Earlier today I visited one of my old friends from uni for the first time in about a year. I am famously anti-social, which is all fine and dandy until something happens to one of my friends and then it sucks and I turn out to be a bad friend. I rely on other people to maintain the friendship and if they are unable to keep in touch I am incapable of picking up the slack. This behaviour has already cost me one of my best friends and is not pretty.

This friend had a stillborn baby last year and therefore no longer the inclination to be social and keep in touch with others. It has taken me until about last month to finally get on the phone myself after I learned that she was pregnant again (I did go to the funeral and have seen her on occasion at other friends' venues). Let's just say I had a sort of wake up call here. I think/hope I managed to repair things a bit but of course I'm not off the hook here, it will be up to me to keep in touch from now on for the foreseeable future.

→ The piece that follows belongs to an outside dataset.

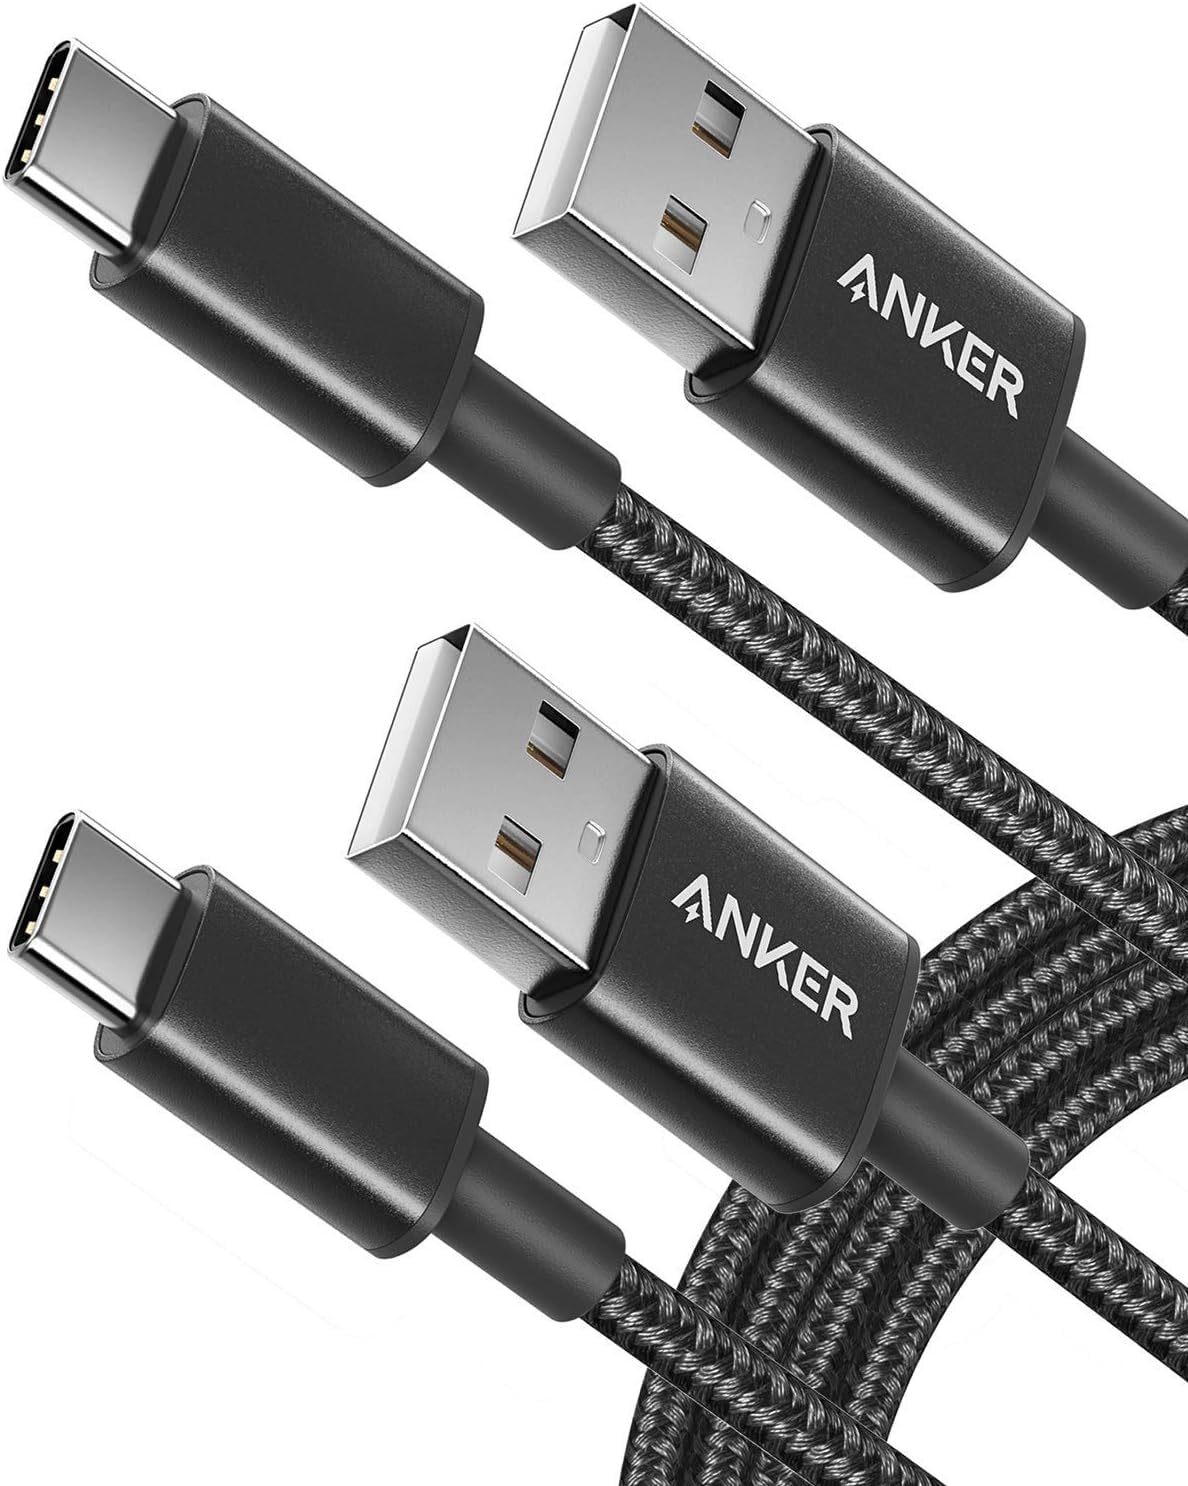 Cable 2 Pack 6ft Premium USB A to C Charger Cable for Samsung Galaxy S10 S10 Not - $23.50

Today was the first time I visited the new house where she and her SO moved in last year, after the tragedy. It is enormous, for Dutch standards, everything is brand new, furnished and styled to the nines (said friend has always been a tad neurotic, like all of us, probably why we are friends in the first place ;p). When she showed me around and I ooh-ed and aah-ed, everything just horribly underlined how sad she is and how hard this new pregnancy is for her.

She's about my age, her biological clock is ticking, even though she has not even begun mourning for her first child she feels she has to have another NOW because otherwise it'll be too late. She can't enjoy her pregnancy, infused as it is with fear and sadness. She does not enjoy the house, she has not taken the time to properly mourn, engrossed with moving and all the stuff moving into a brand new house entails, from dealing with the usual mentally challenged workman to choosing curtains and now the garden is being done.

She showed me the baby room and said; "This was going to be Mees' room. It will be the new kid's room, if..." She built a little shrine for the dead baby in the living room and it was all really pretty and sad but somehow not really real. Like the rest of the house it looked styled, done just so, but devoid of actual emotion. She is not okay and I cannot begin to understand what she is going through.

I wish it was July already and the baby would be here, all safe and sound.